Donald Trump a affirmé lundi, lors d’une déclaration à la Maison Blanche, que l’Iran avait repris contact avec les États-Unis et voulait parvenir à un accord. Mais il a aussitôt refermé la porte à tout compromis sur le fond : selon lui, le régime islamique iranien ne pourra ni conserver une capacité nucléaire militaire, ni garder la matière enrichie accumulée ces derniers mois. En parlant de l’uranium que Washington entend récupérer « d’une manière ou d’une autre », le président américain a montré que, derrière l’idée d’un accord, c’est bien une reddition stratégique de Téhéran qui reste visée.
Trump ne s’est toutefois pas limité au nucléaire. Il a aussi affirmé que l’Iran « ne fait absolument plus aucun business » et promis que les États-Unis maintiendraient cette situation « très facilement ». Surtout, il a décrit un pays déjà largement neutralisé, en assurant que la marine iranienne, l’armée de l’air, la défense antiaérienne, les radars et une partie du commandement du régime avaient disparu.
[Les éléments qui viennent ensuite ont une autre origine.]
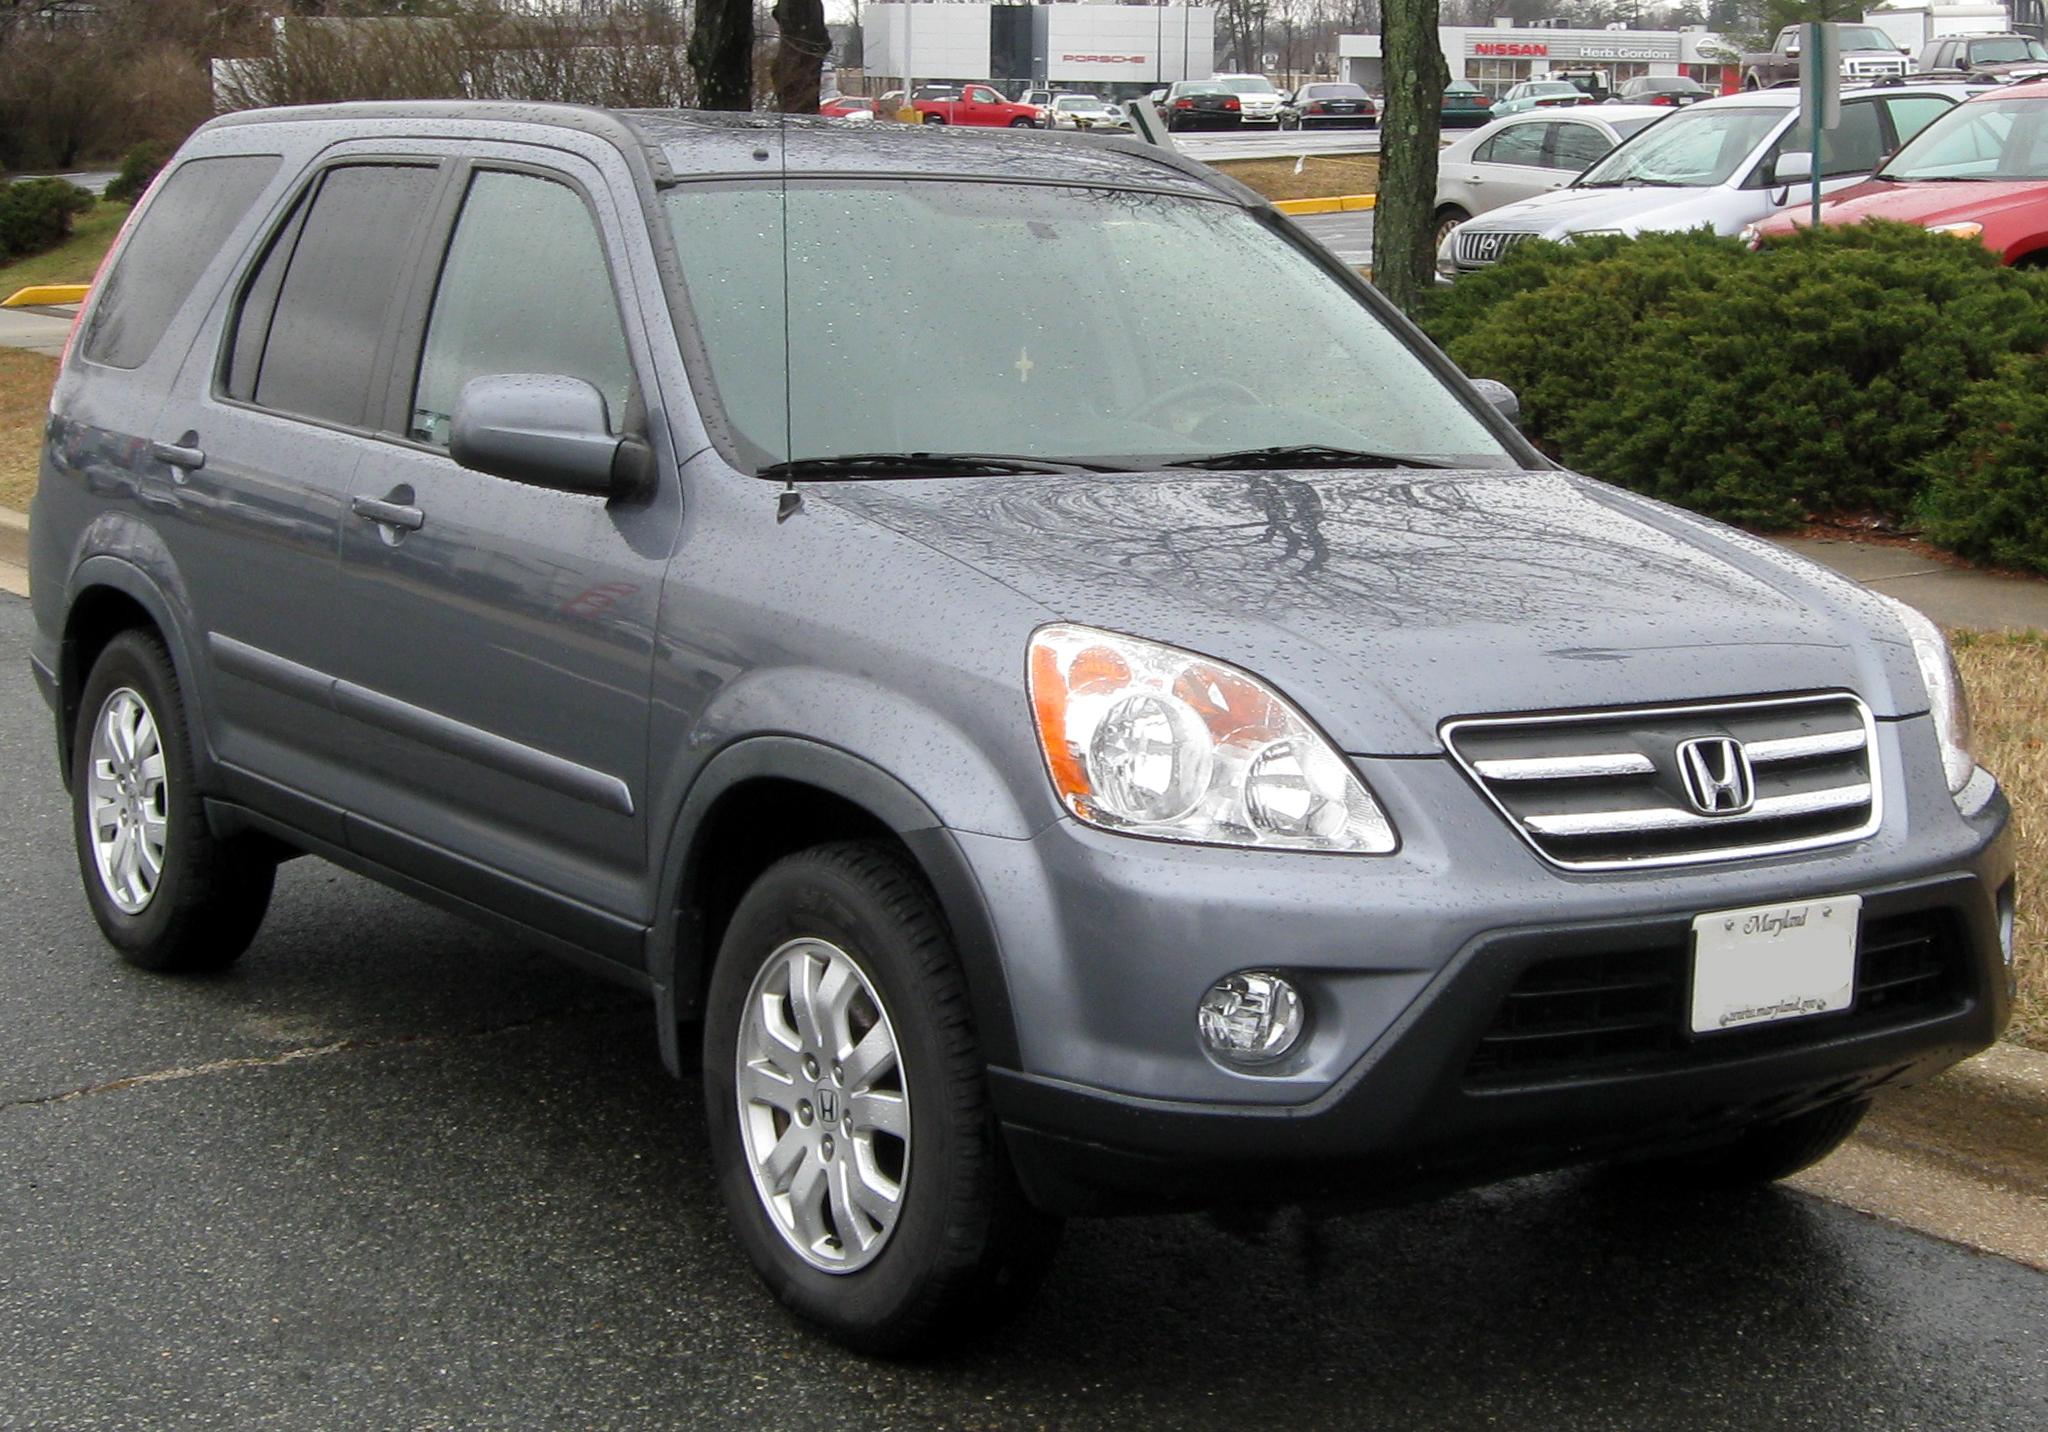 File:2005-2006 Honda CR-V -- 02-29-2012

Cette rhétorique va bien au-delà d’une simple pression diplomatique : elle présente l’Iran non comme un interlocuteur à convaincre, mais comme un adversaire déjà brisé, auquel Washington impose désormais ses conditions.
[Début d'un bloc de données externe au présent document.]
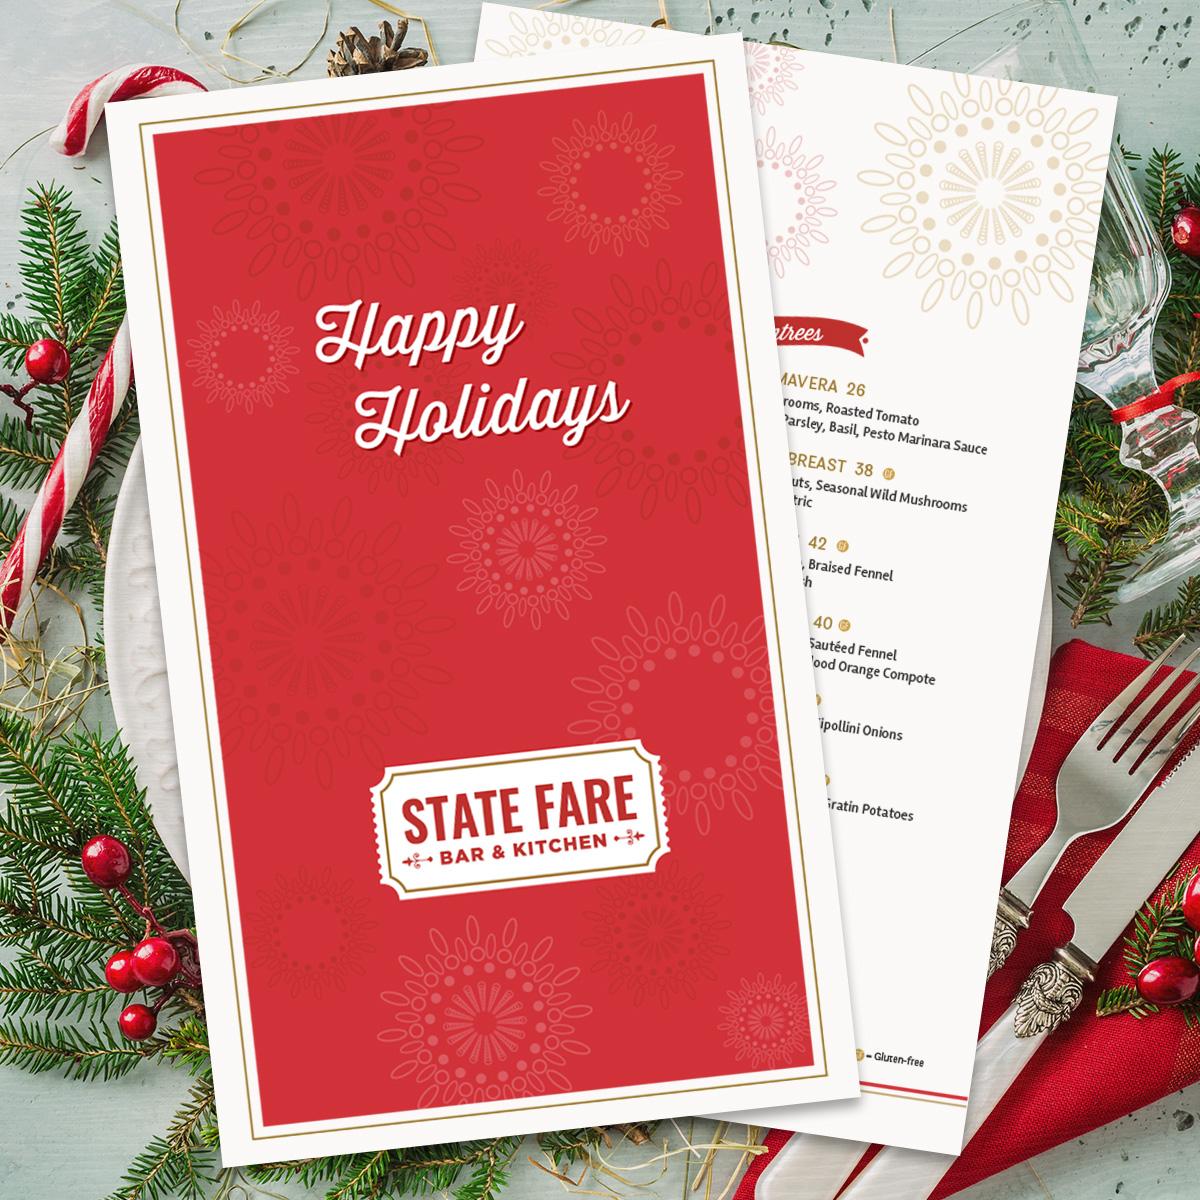 2017 Holiday Menu Design

Dans le même temps, Trump a relié ce discours au blocus maritime en cours autour de l’Iran. Il a insisté sur le fait que 34 navires avaient franchi le détroit d’Ormuz la veille, soit selon lui le chiffre le plus élevé depuis le début de ce « blocus stupide », tout en ajoutant que d’autres pays avaient proposé leur aide pour participer au dispositif américain. Le message envoyé est double : la Maison Blanche veut montrer qu’elle garde la maîtrise du tempo militaire, tout en laissant entendre qu’une sortie diplomatique reste possible — mais seulement si Téhéran cède sur l’essentiel.
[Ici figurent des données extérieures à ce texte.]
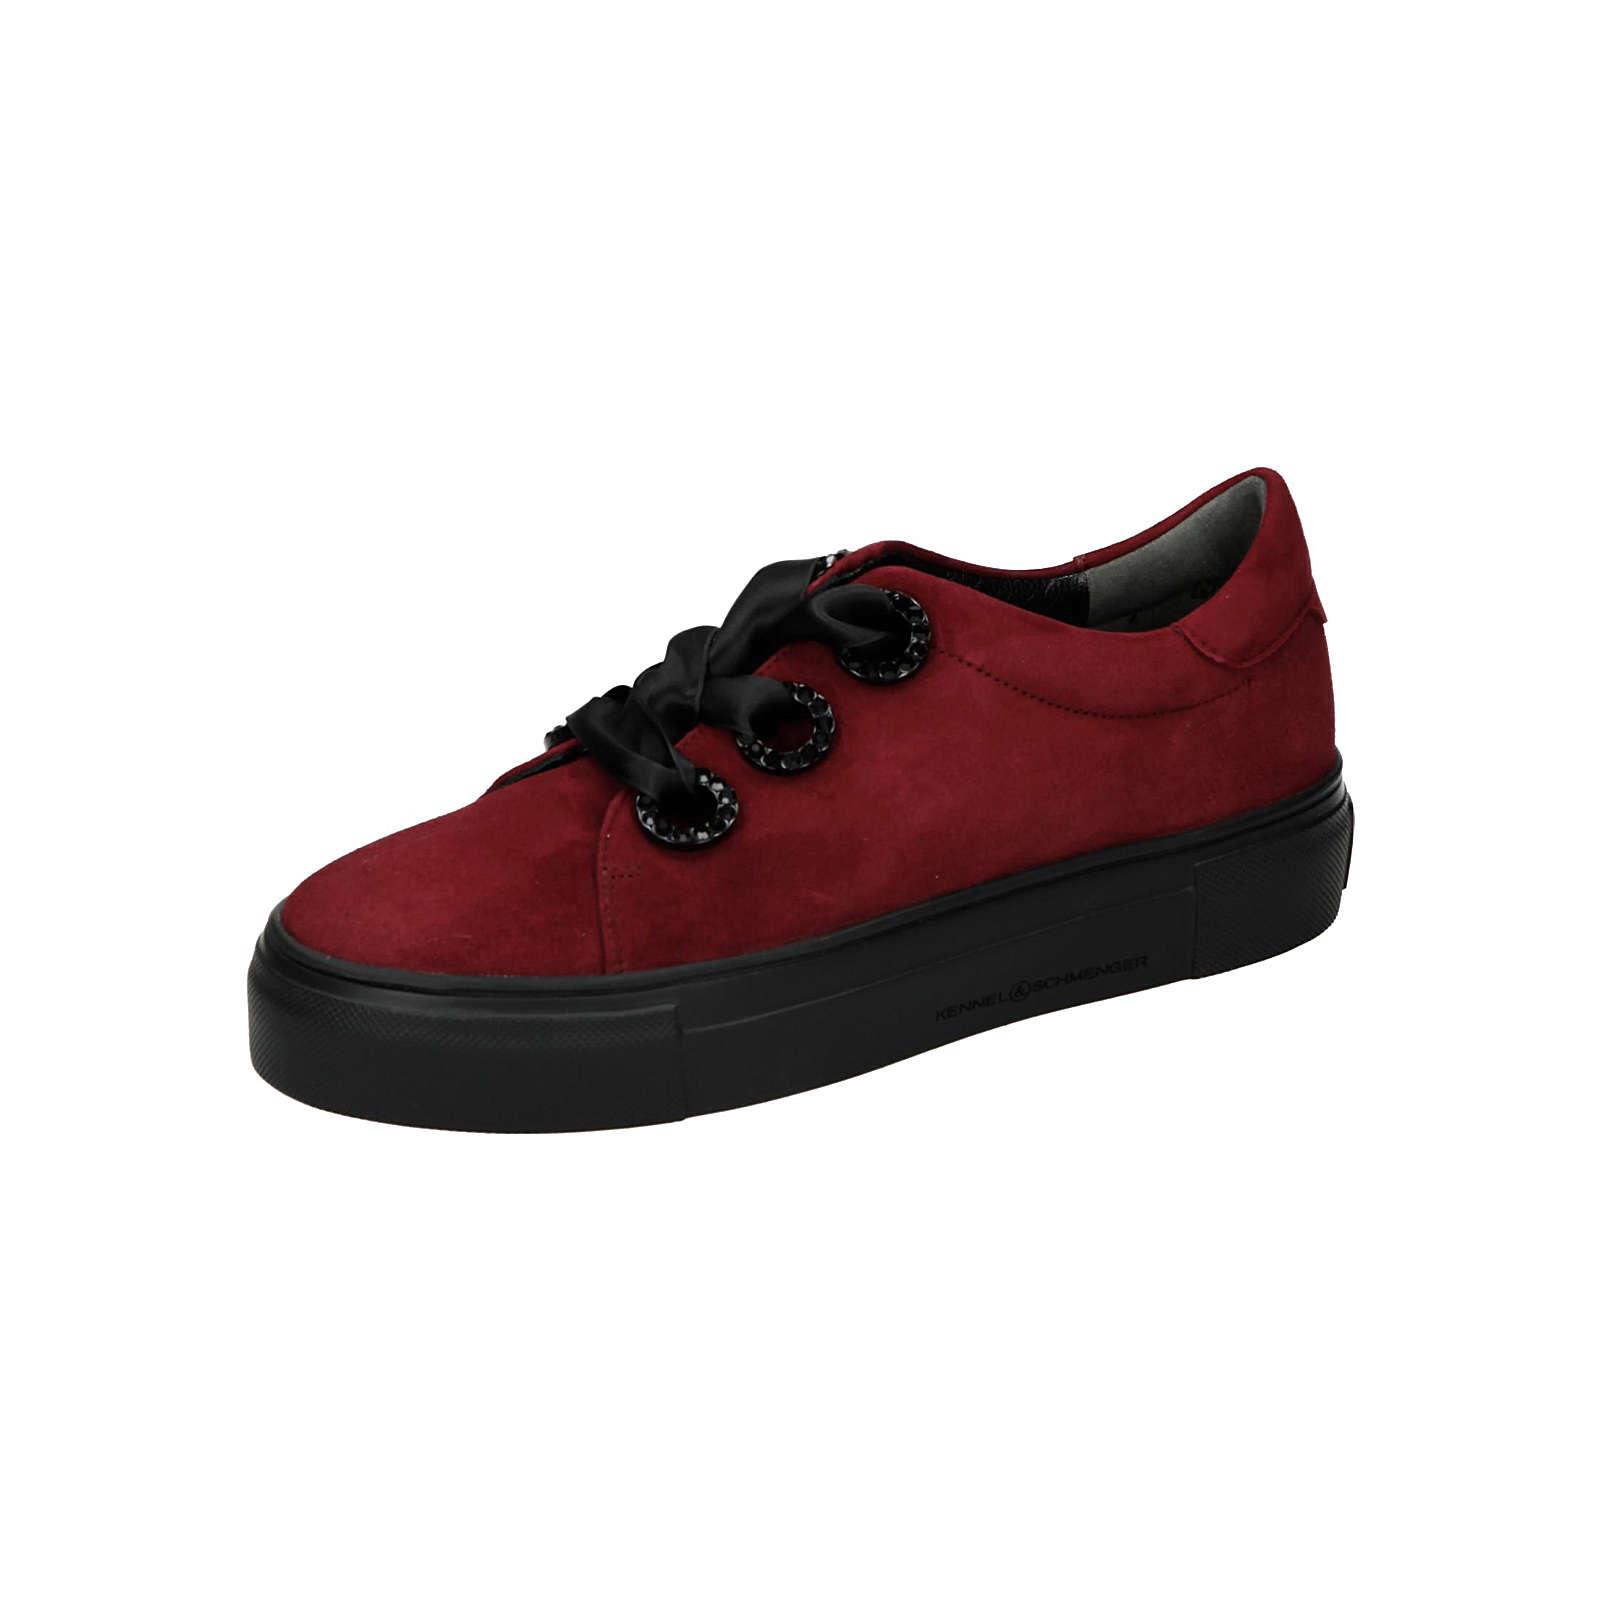 Kennel & Schmenger Sneaker Komfort-Halbschuhe rot Damen Gr. 41,5

Petite note plus légère au milieu de cette séquence très tendue : juste avant sa prise de parole, Donald Trump s’est fait livrer un McDonald’s à l’Oval Office par DoorDash. À Washington, ce genre de détail alimente toujours le folklore des heures de crise, même lorsqu’il accompagne, en arrière-plan, l’une des déclarations les plus dures de la journée contre le régime iranien.